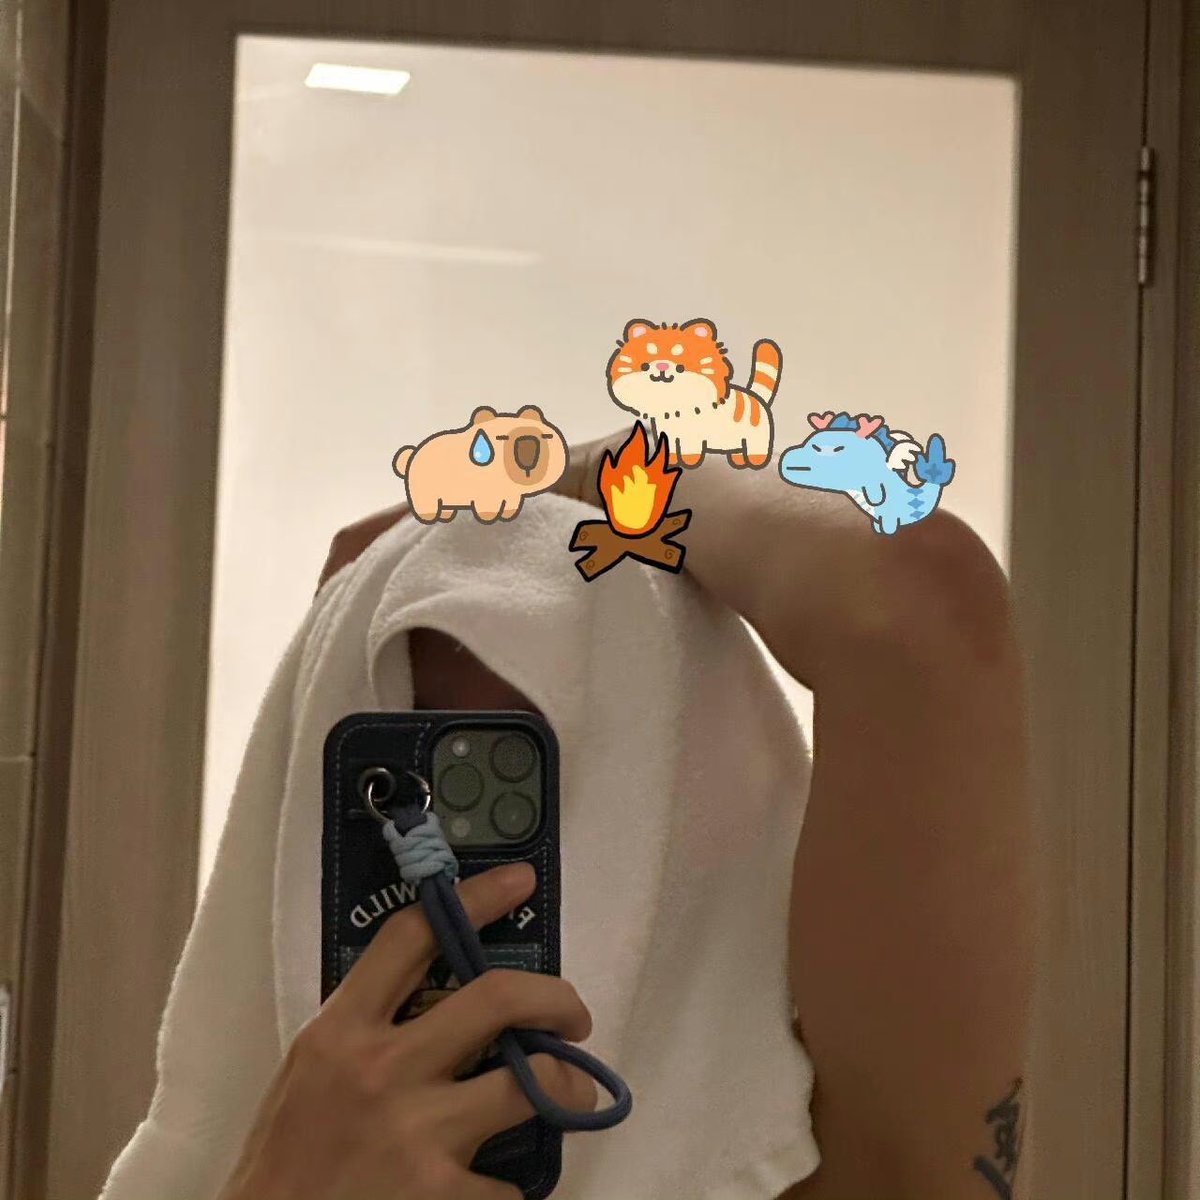 HELLO---- WHAT THE!

THE TATTOO WITH THE STICKERS OF CUTE KITTENS? 😭😭😭😭😭 Someone call the police, it's a crime to be this HOT! 

#BuildJakapan #Beyourluve

● To do: Write out the data above in full and exactly, but not the pictures.

● Solution to the exercise:
 HELLO---- WHAT THE!

THE TATTOO WITH THE STICKERS OF CUTE KITTENS? 😭😭😭😭😭 Someone call the police, it's a crime to be this HOT! 

#BuildJakapan #Beyourluve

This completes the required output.